Start of Given data
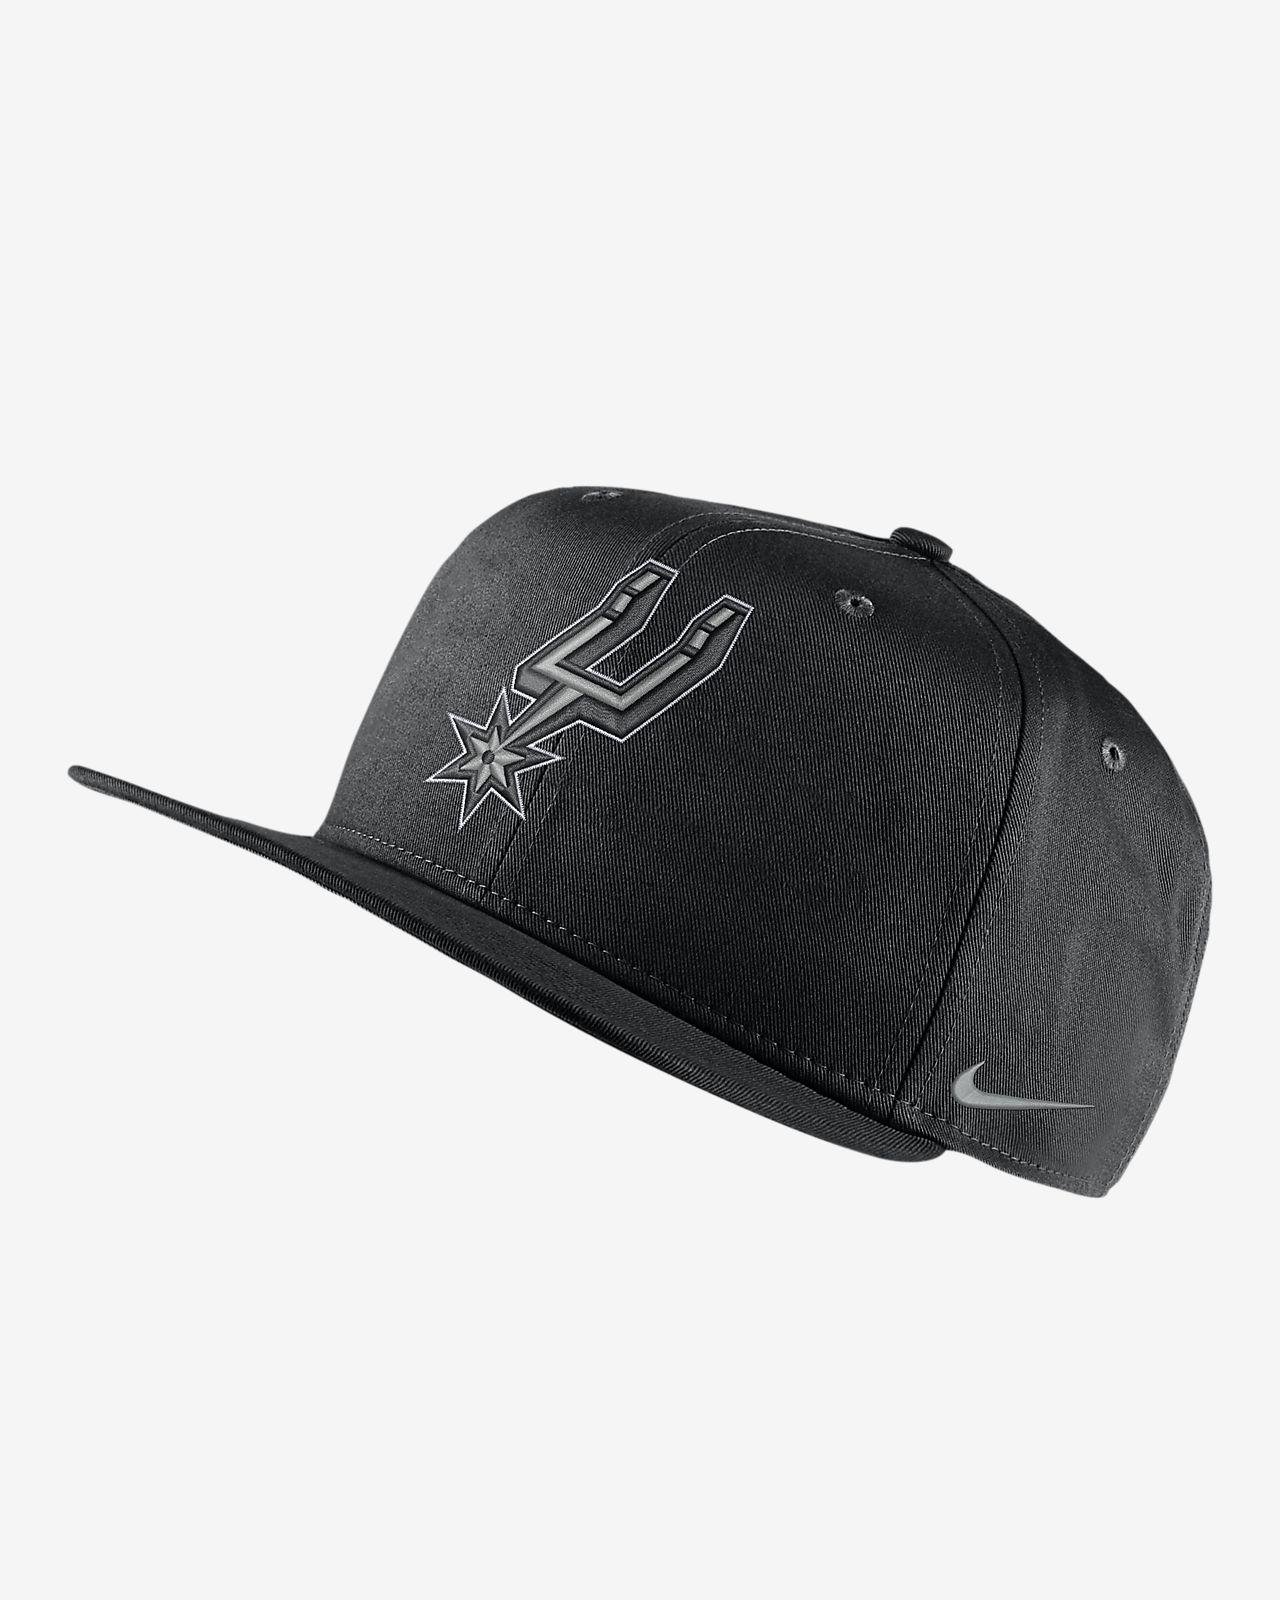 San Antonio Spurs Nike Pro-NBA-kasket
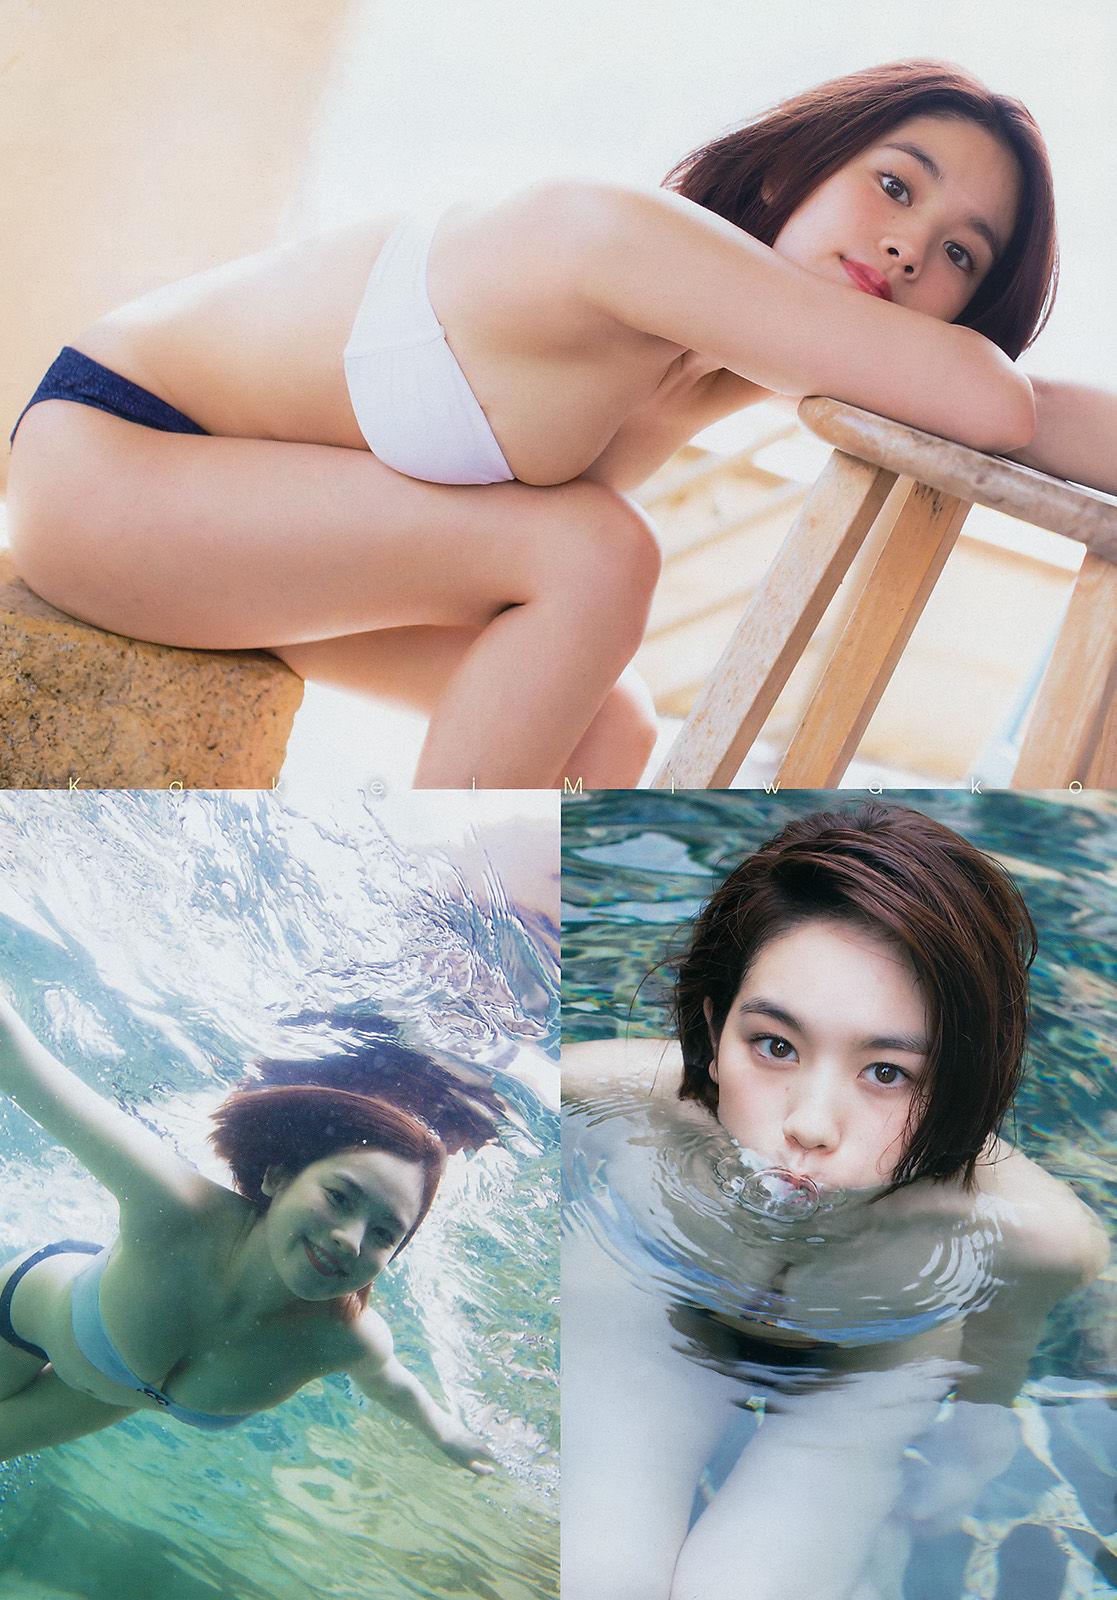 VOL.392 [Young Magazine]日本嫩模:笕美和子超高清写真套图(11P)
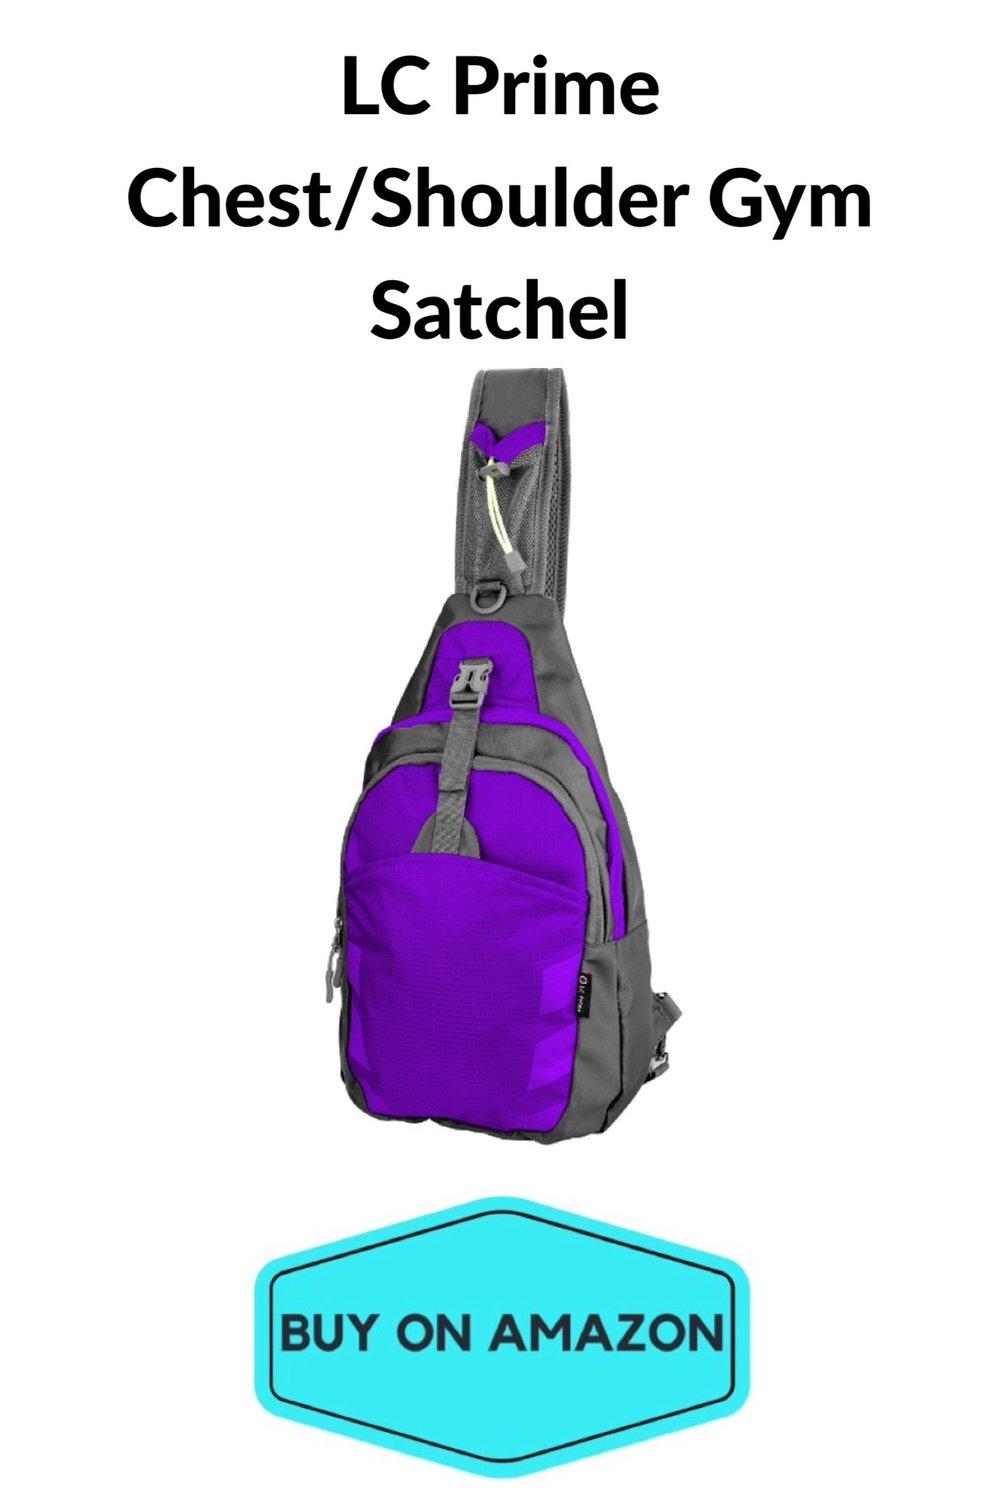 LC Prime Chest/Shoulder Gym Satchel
End of Given data
■ **Goal of the exercise**
Would you set down the material exactly as it stands, without the pictures?

■ **Result of this task**
 San Antonio Spurs Nike Pro-NBA-kasket
 VOL.392 [Young Magazine]日本嫩模:笕美和子超高清写真套图(11P)
 LC Prime Chest/Shoulder Gym Satchel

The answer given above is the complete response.